» EXERCISE
Retype the data exactly, skipping any picture in it.

═══ GIVEN DATA

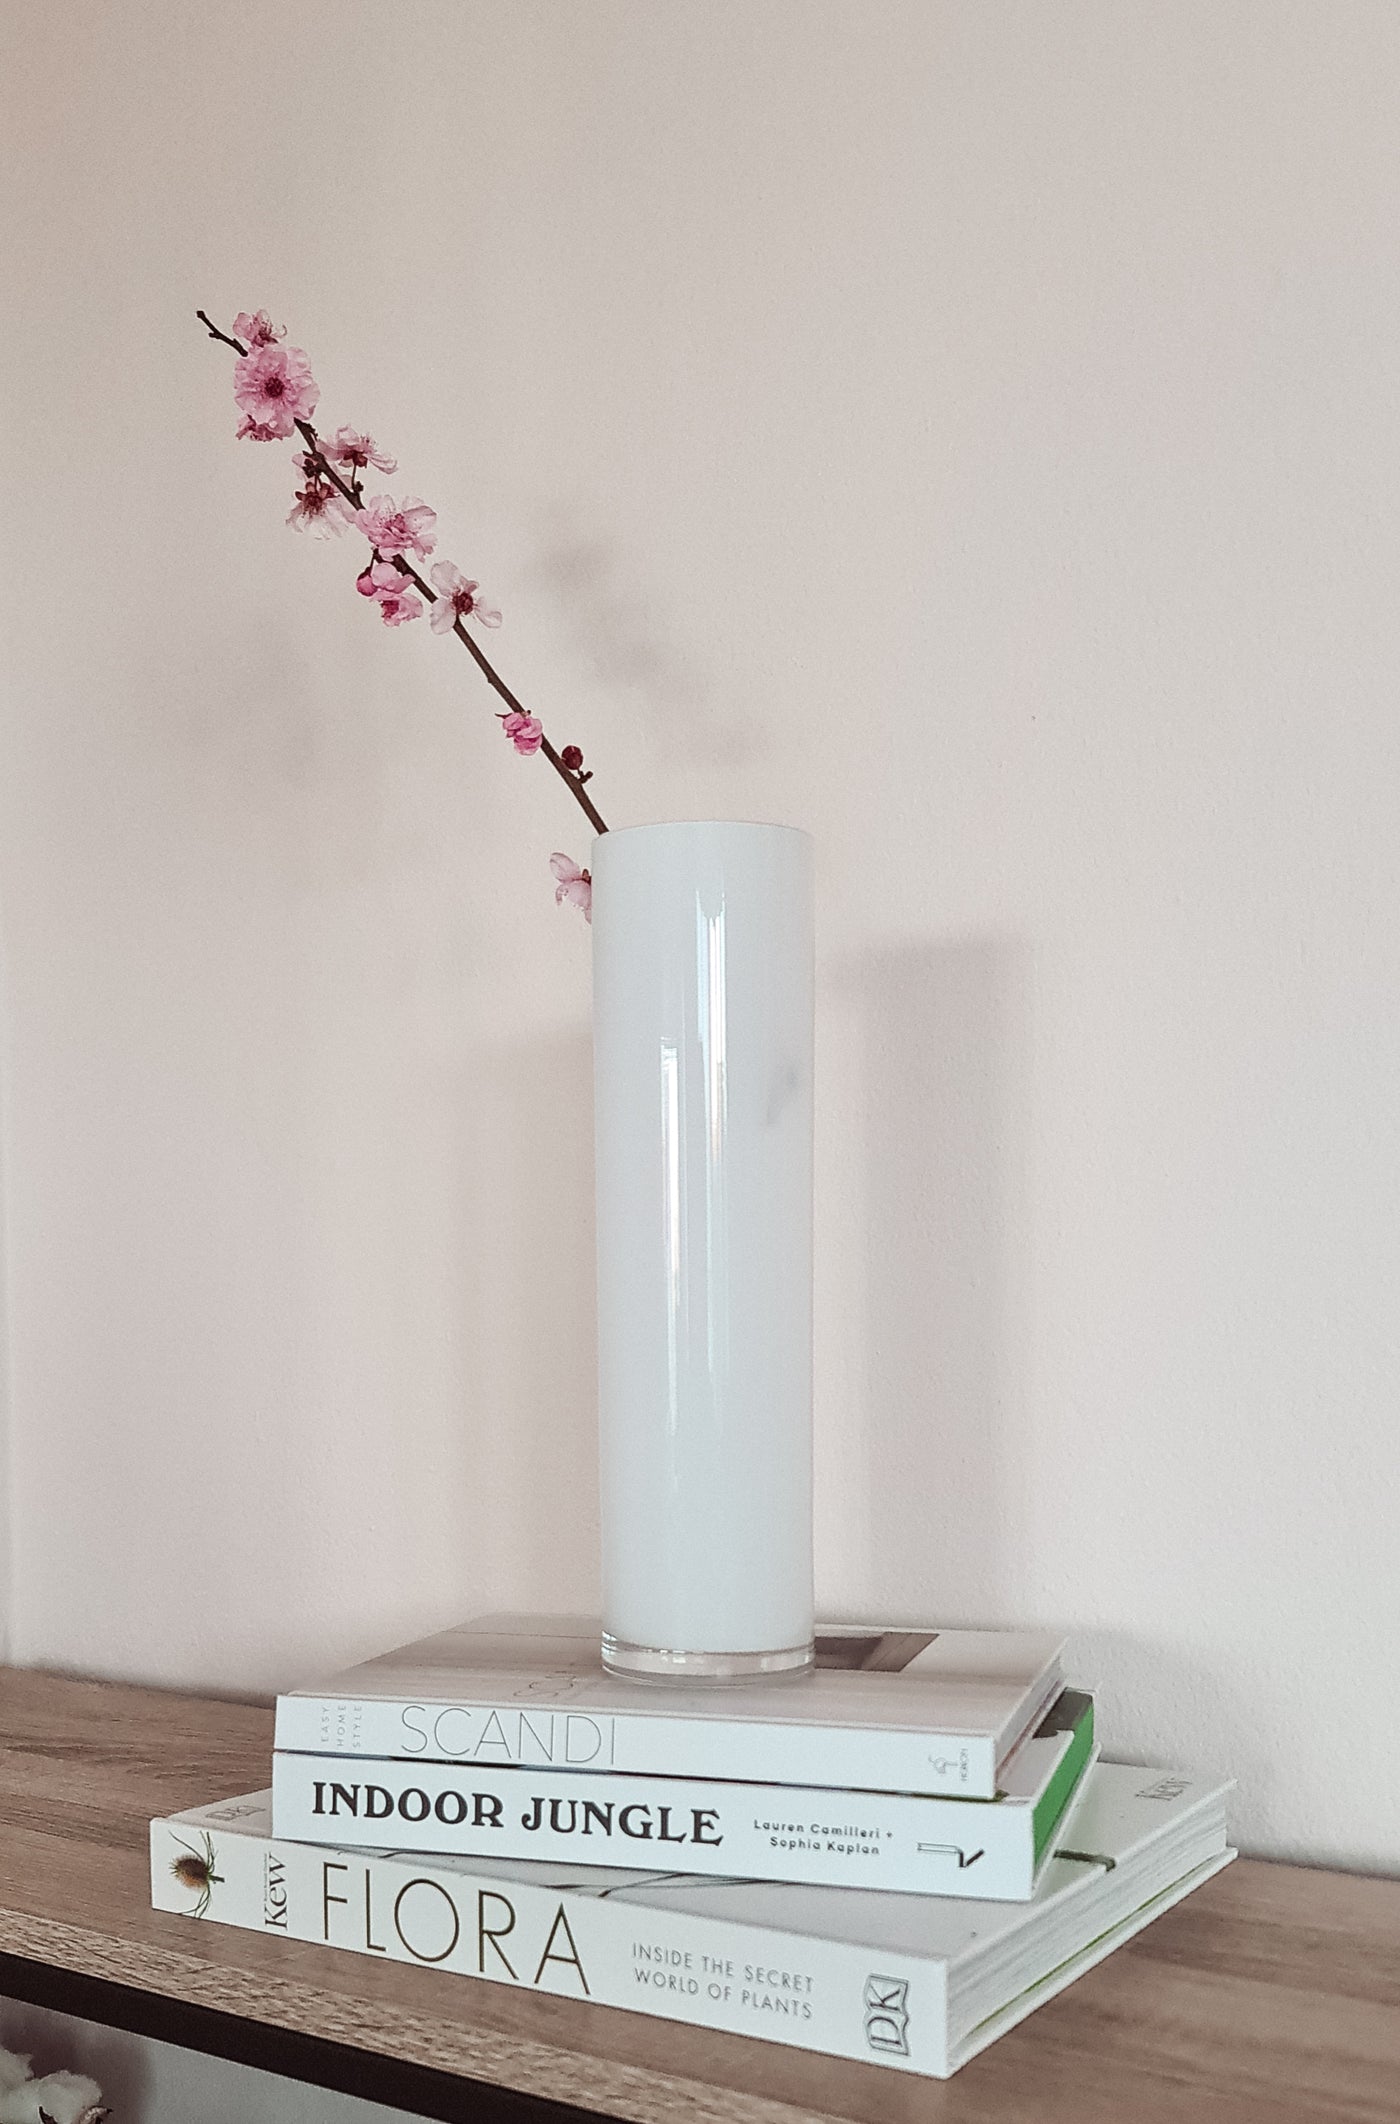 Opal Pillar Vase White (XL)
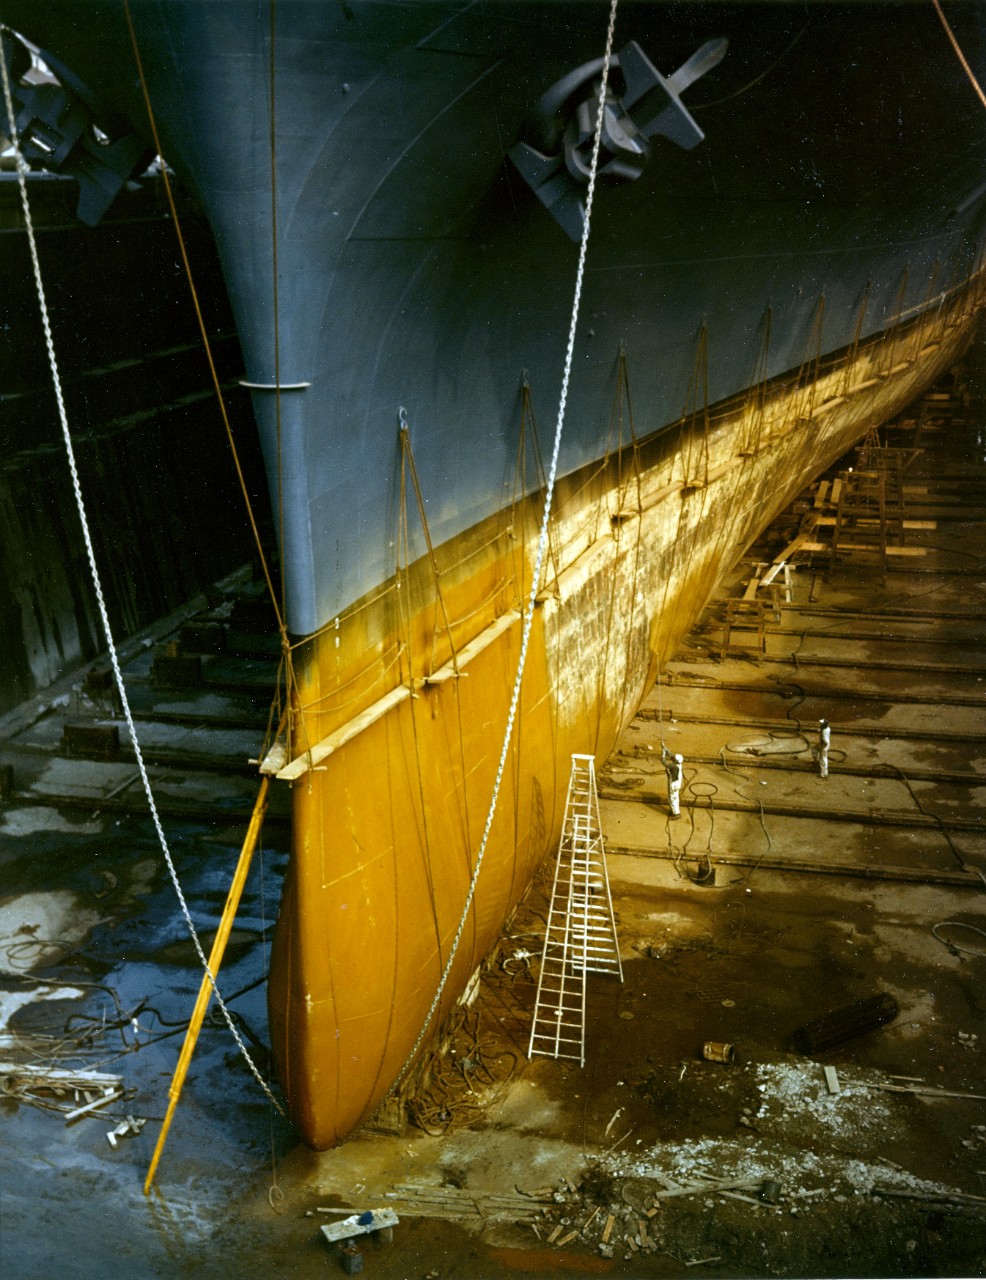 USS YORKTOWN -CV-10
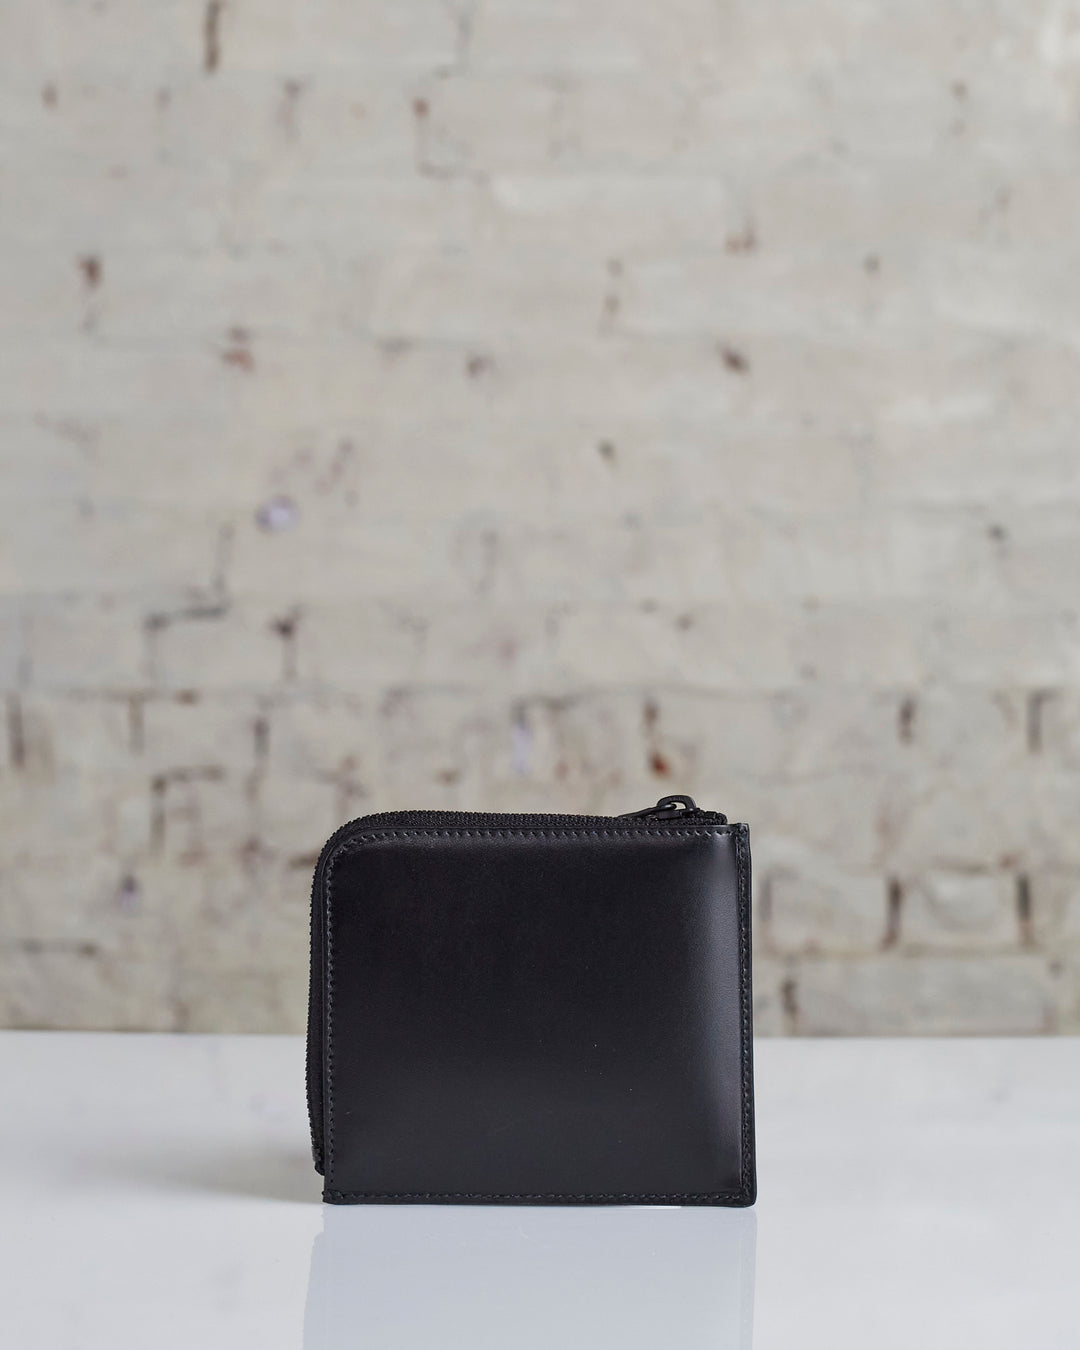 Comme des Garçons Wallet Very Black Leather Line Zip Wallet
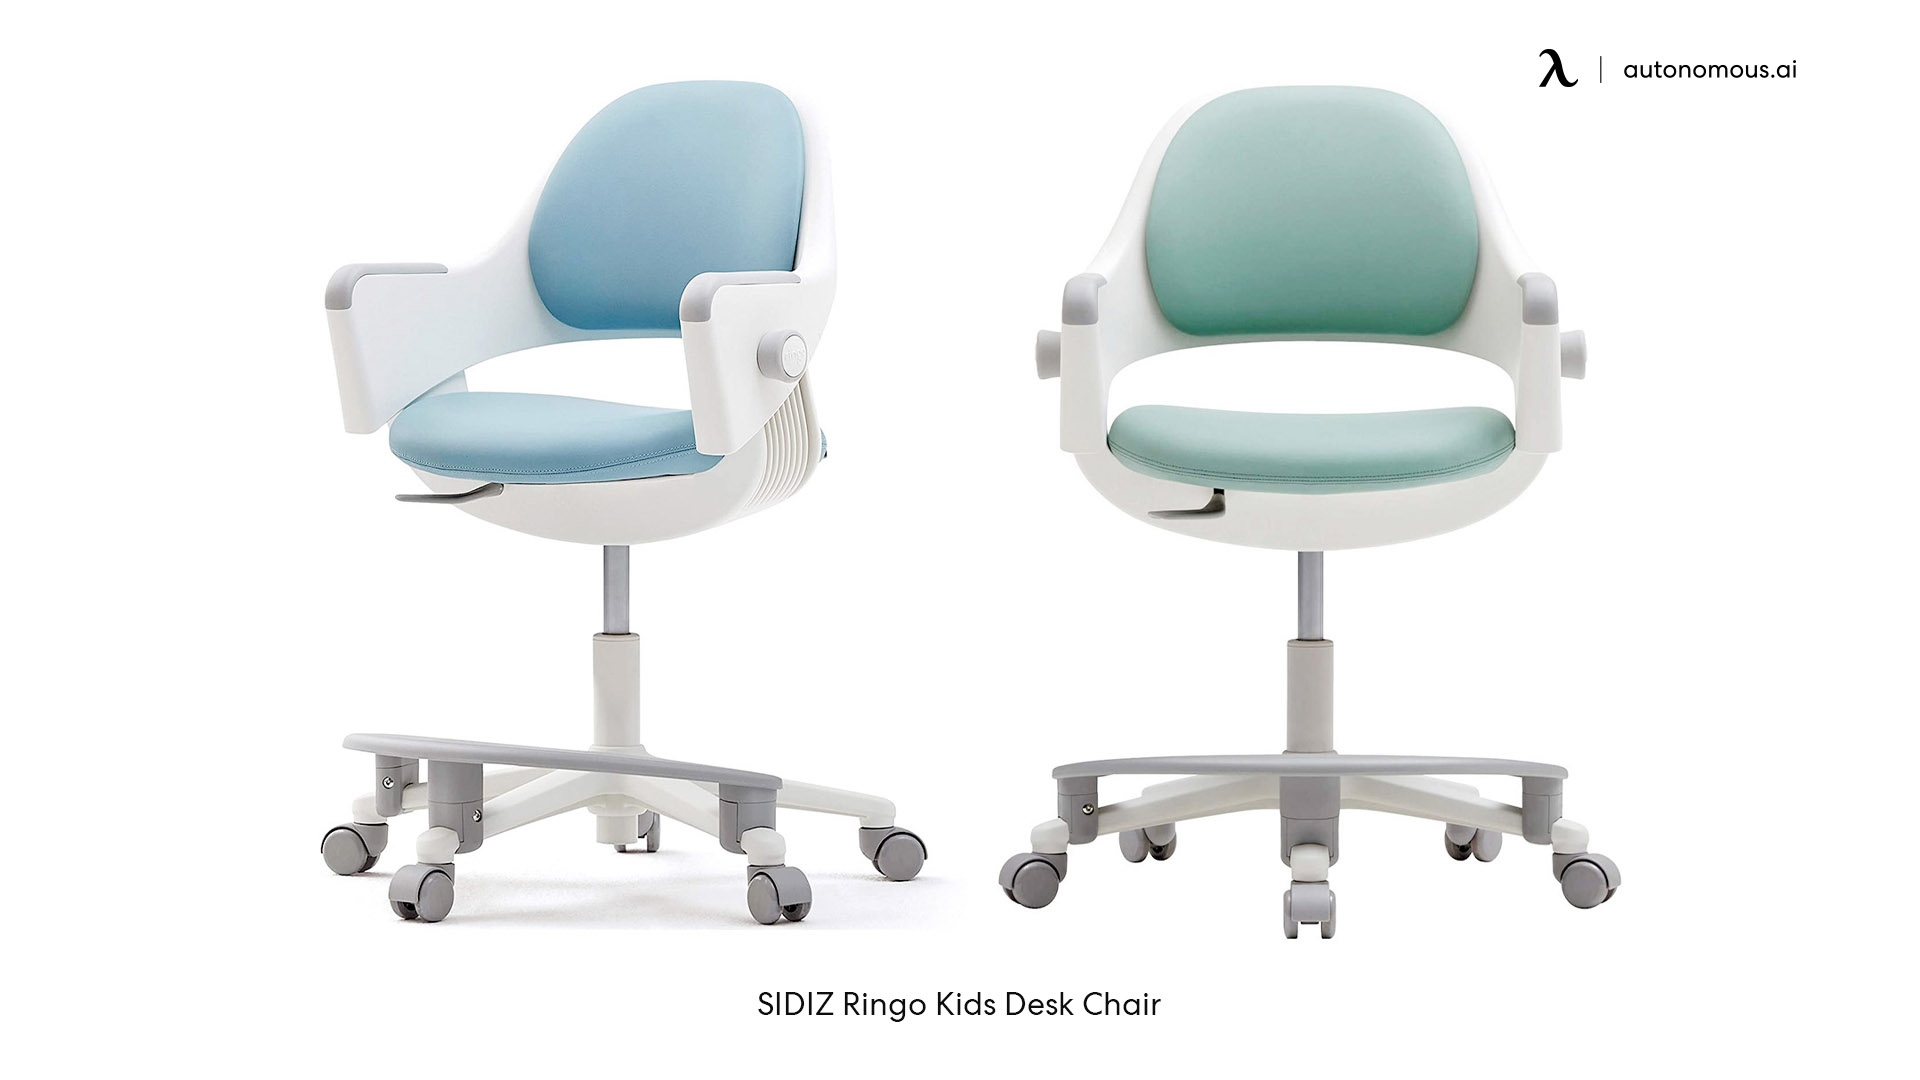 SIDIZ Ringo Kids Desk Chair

══════

» YOUR SOLUTION
 Opal Pillar Vase White (XL)
 USS YORKTOWN -CV-10
 Comme des Garçons Wallet Very Black Leather Line Zip Wallet
 SIDIZ Ringo Kids Desk Chair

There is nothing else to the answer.